### WORK INSTRUCTIONS
First find the line with "Thamsanqa Jantjie / Obama", then reproduce it and all following lines of the data to the end, exactly and with no pictures, adding nothing.

### DATA

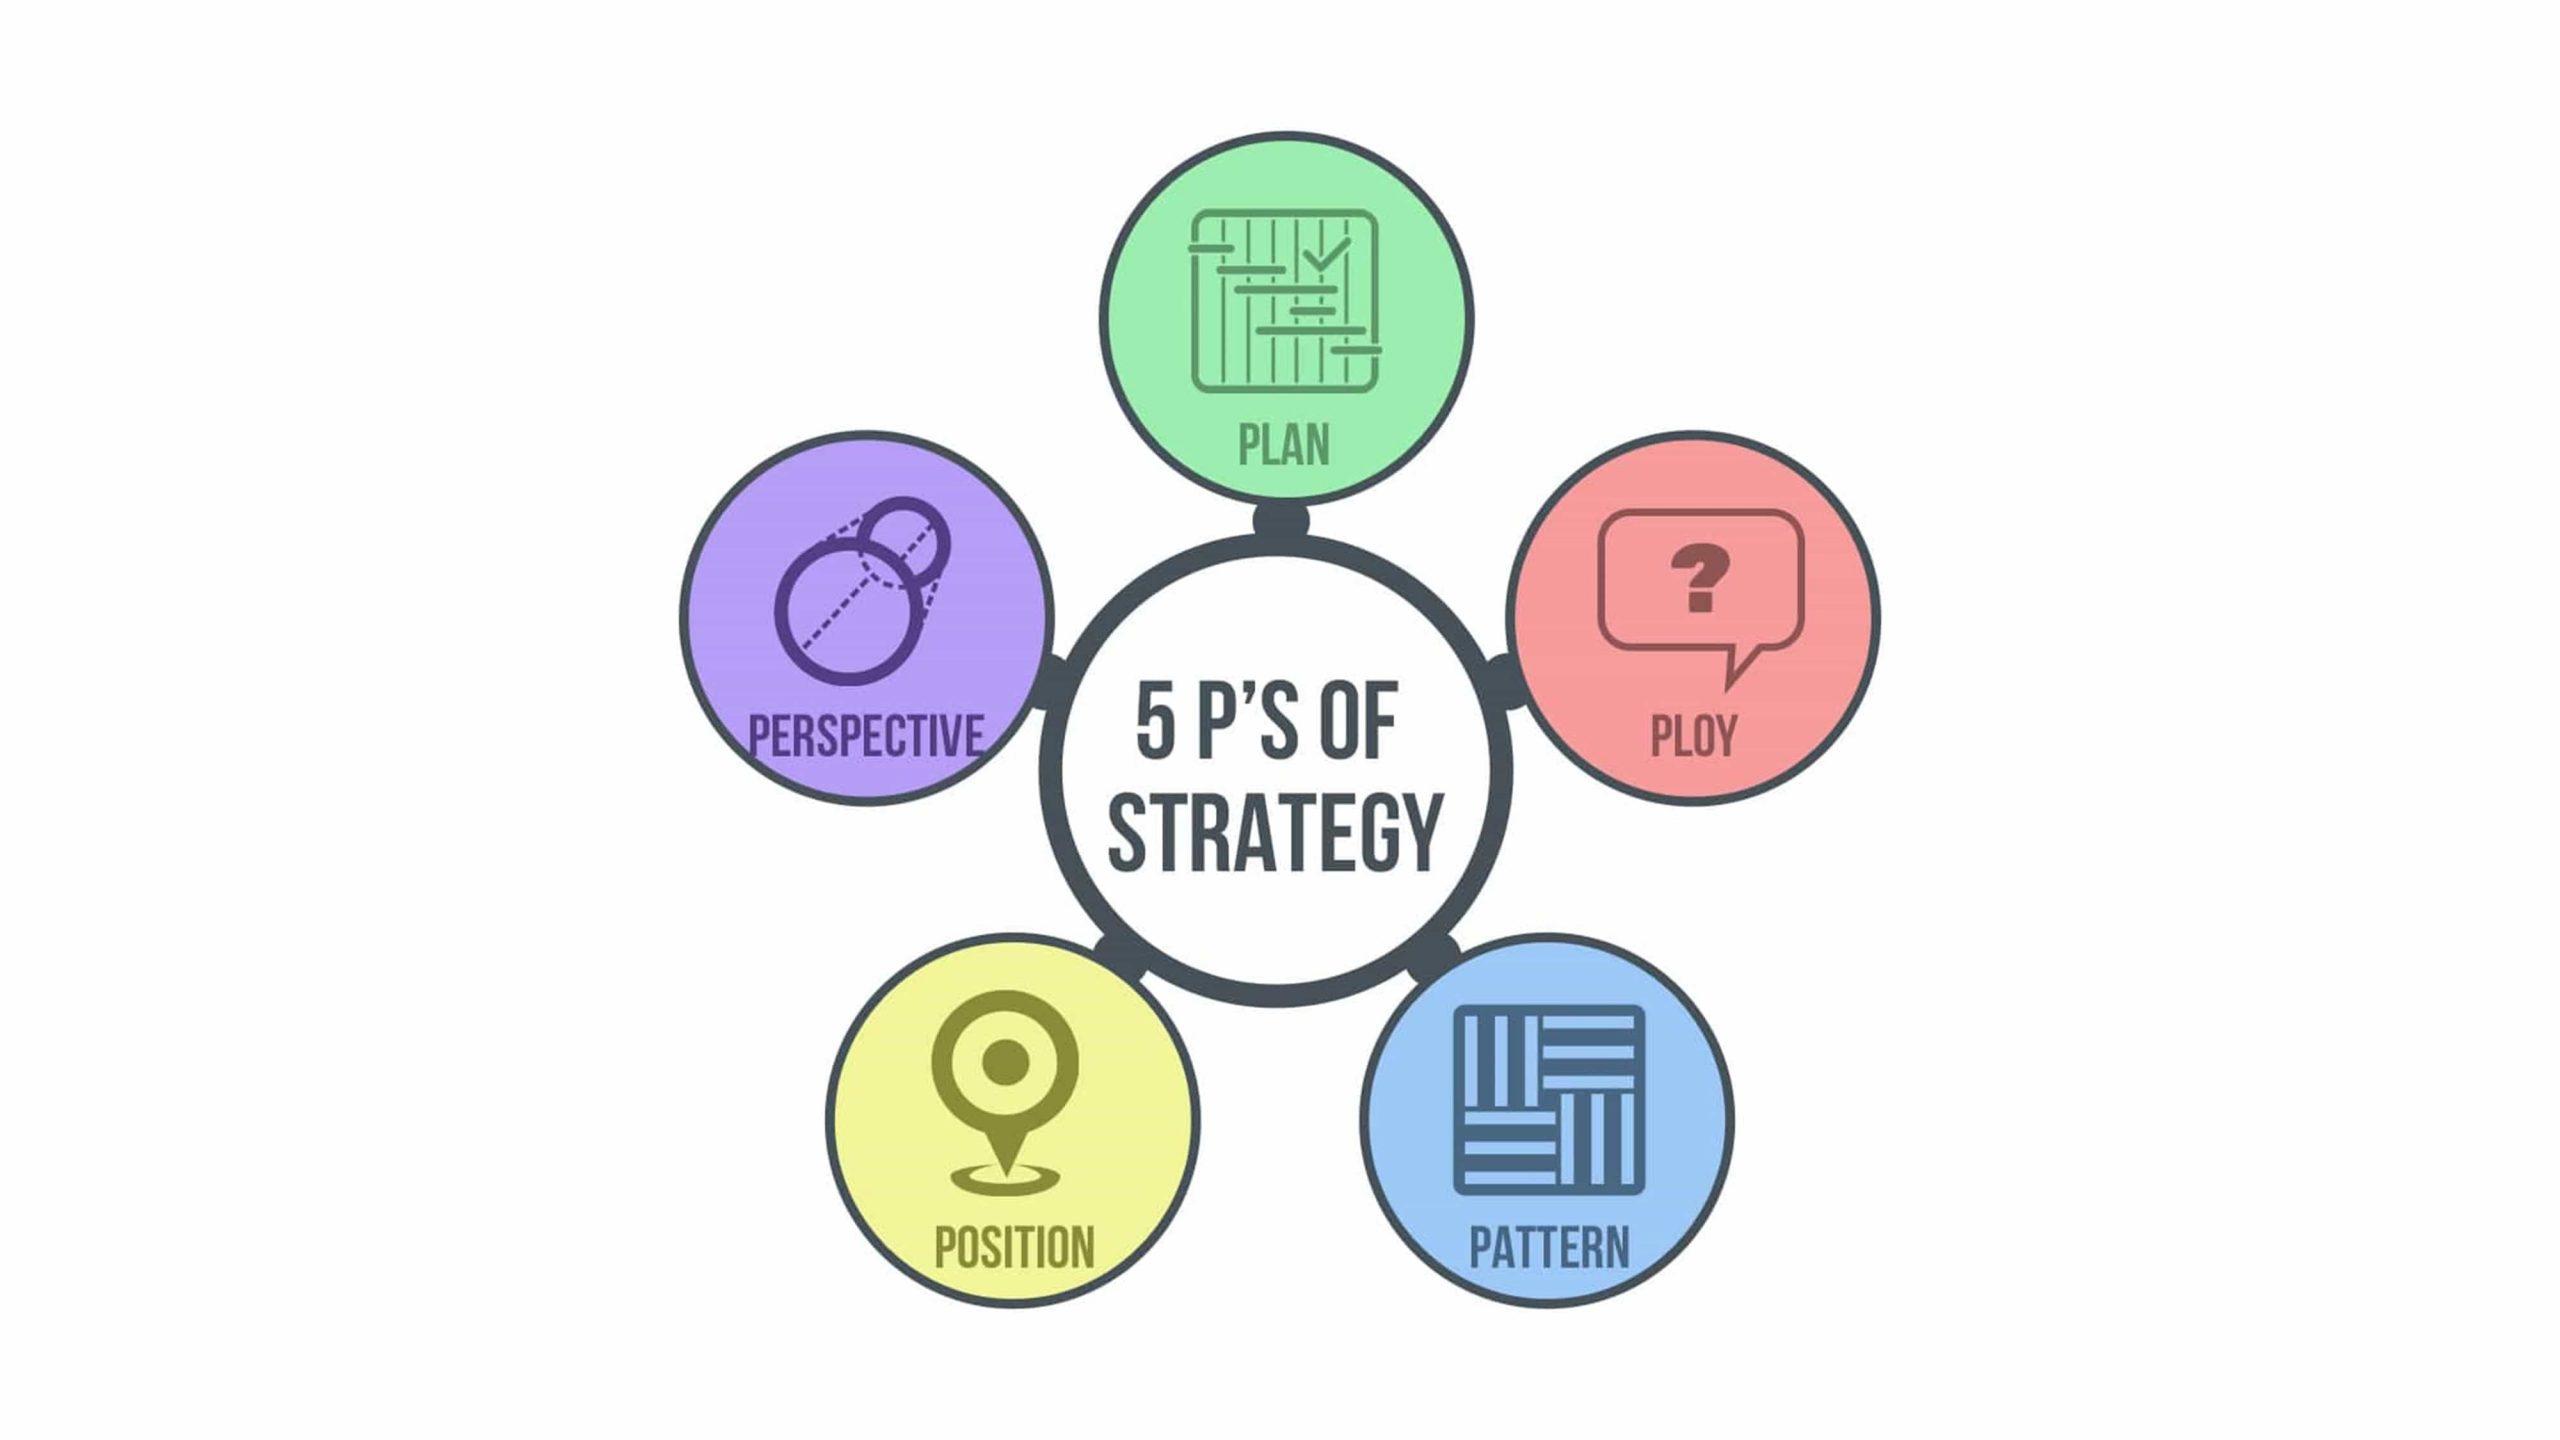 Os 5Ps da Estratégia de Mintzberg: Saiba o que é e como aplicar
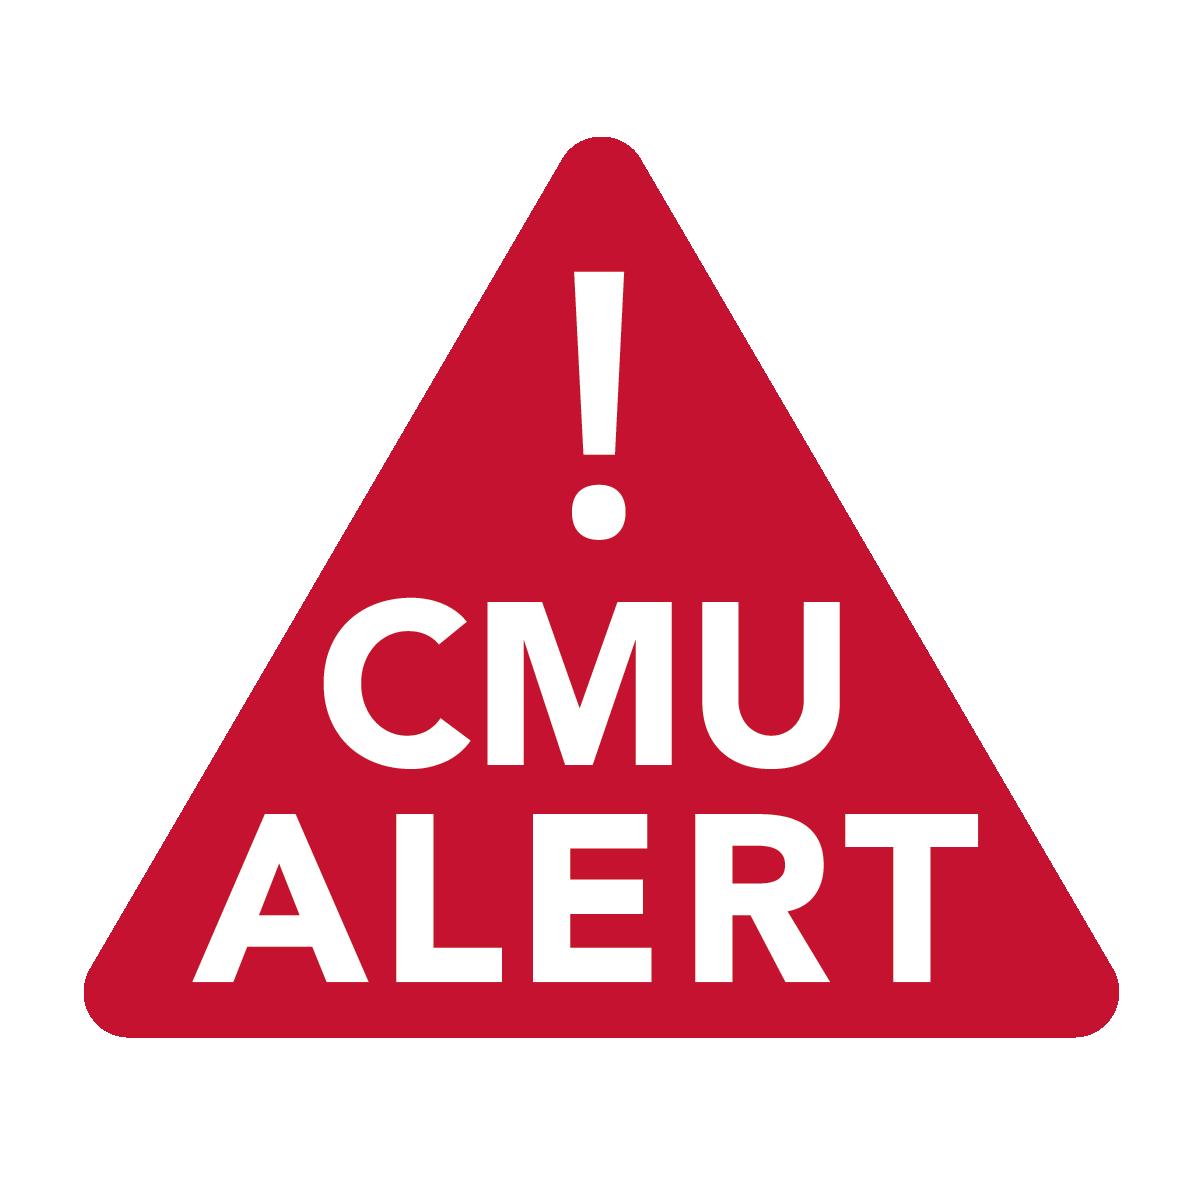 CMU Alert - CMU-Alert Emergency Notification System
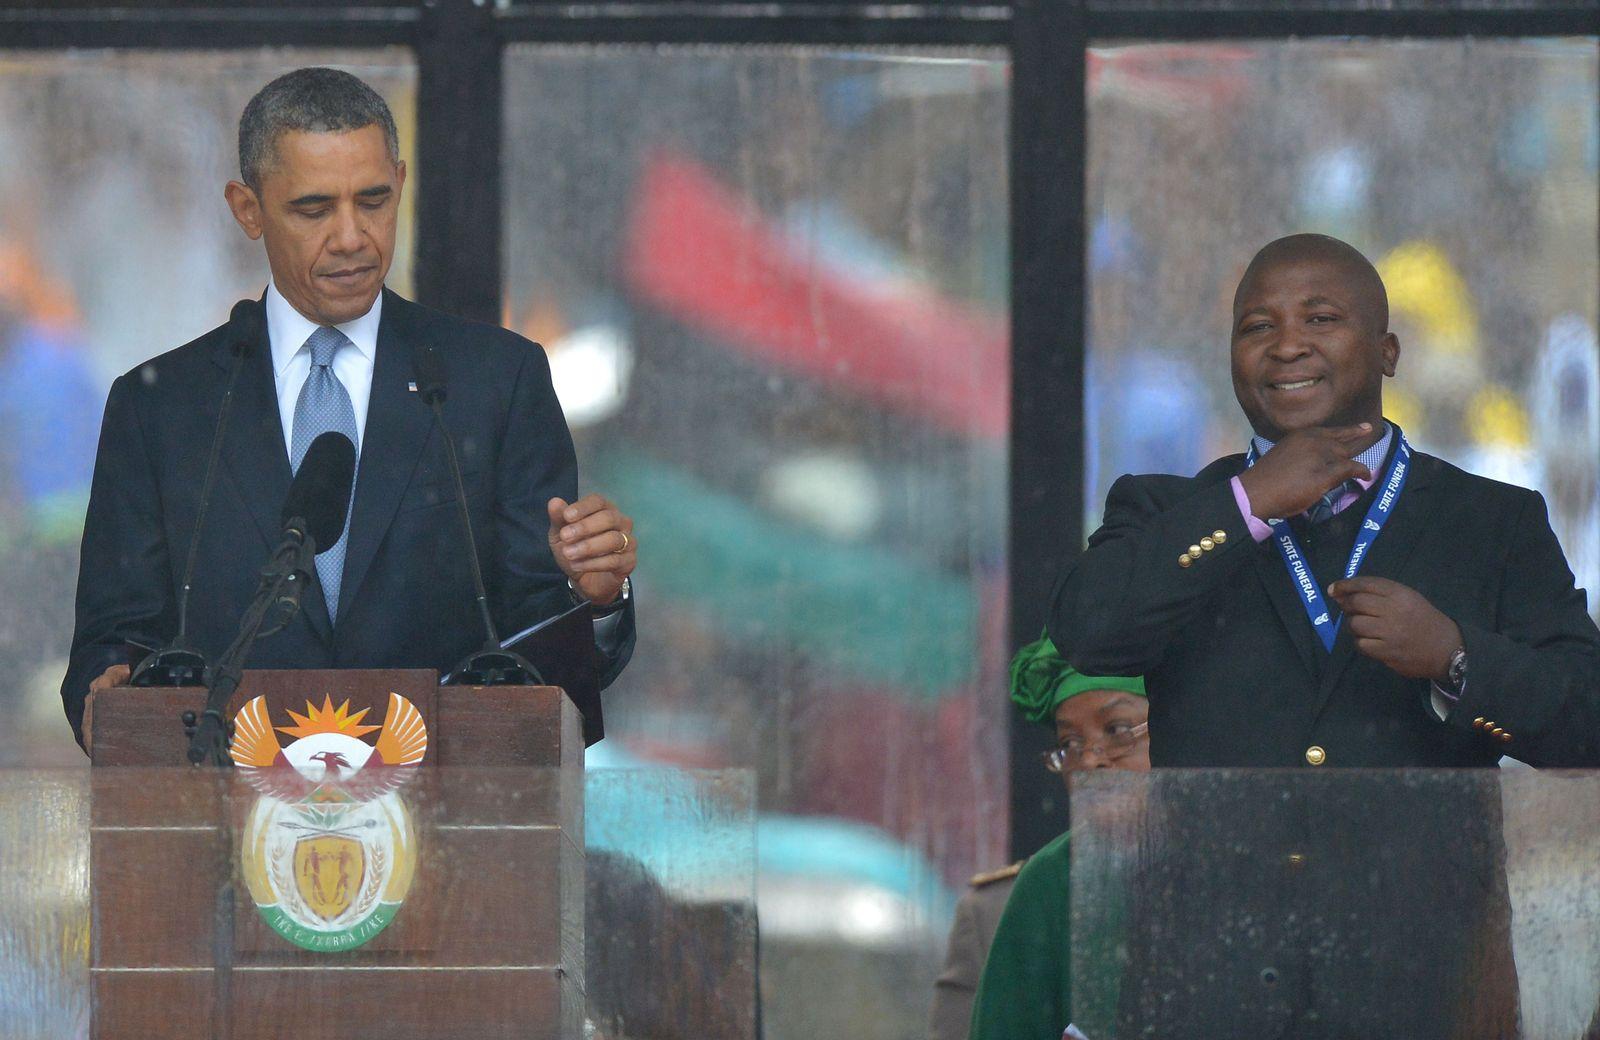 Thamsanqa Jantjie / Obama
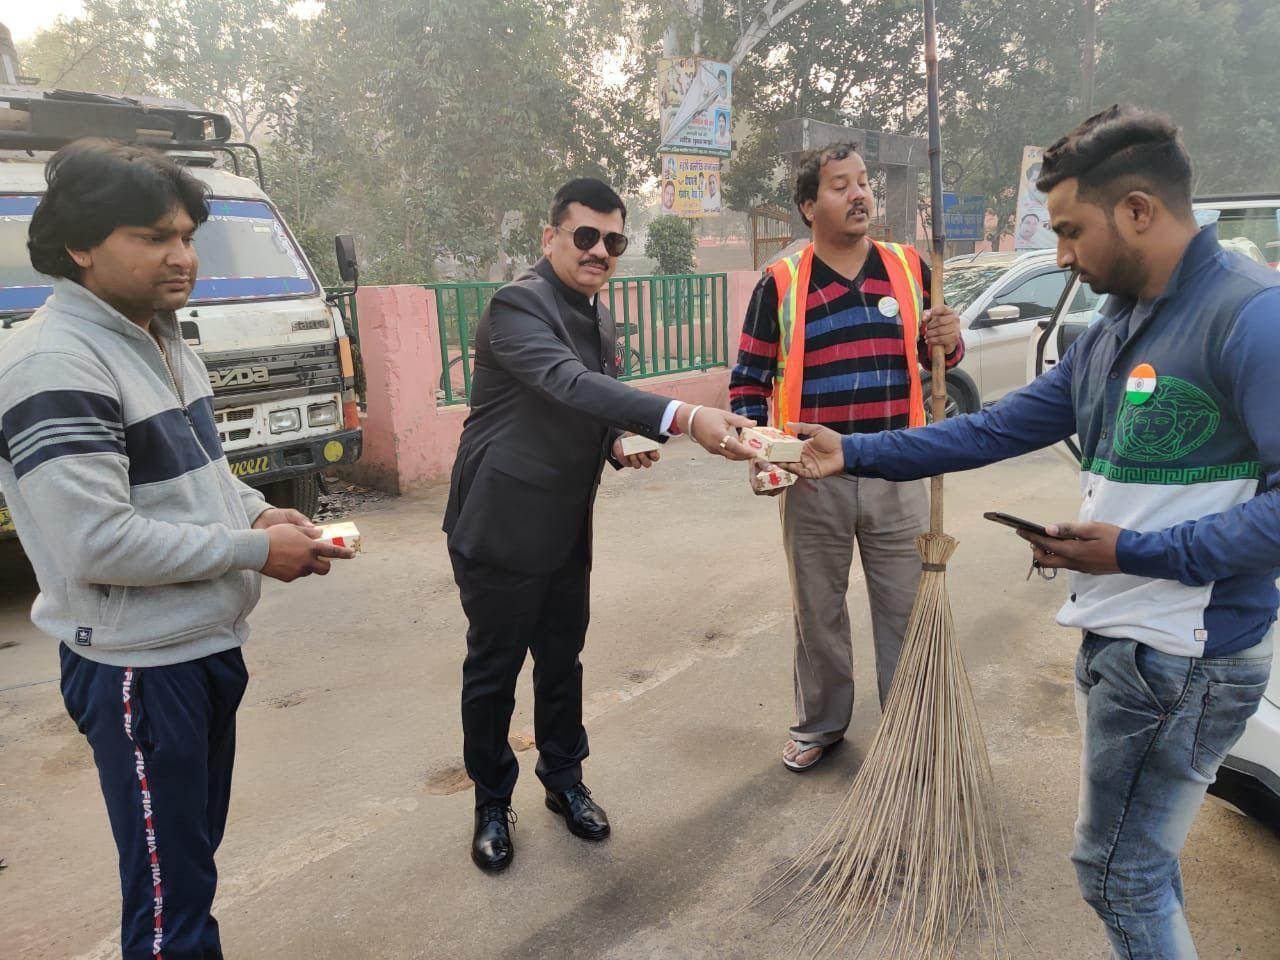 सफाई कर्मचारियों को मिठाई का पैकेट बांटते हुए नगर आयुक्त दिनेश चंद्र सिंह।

### EXERCISE OUTPUT
 Thamsanqa Jantjie / Obama
 सफाई कर्मचारियों को मिठाई का पैकेट बांटते हुए नगर आयुक्त दिनेश चंद्र सिंह।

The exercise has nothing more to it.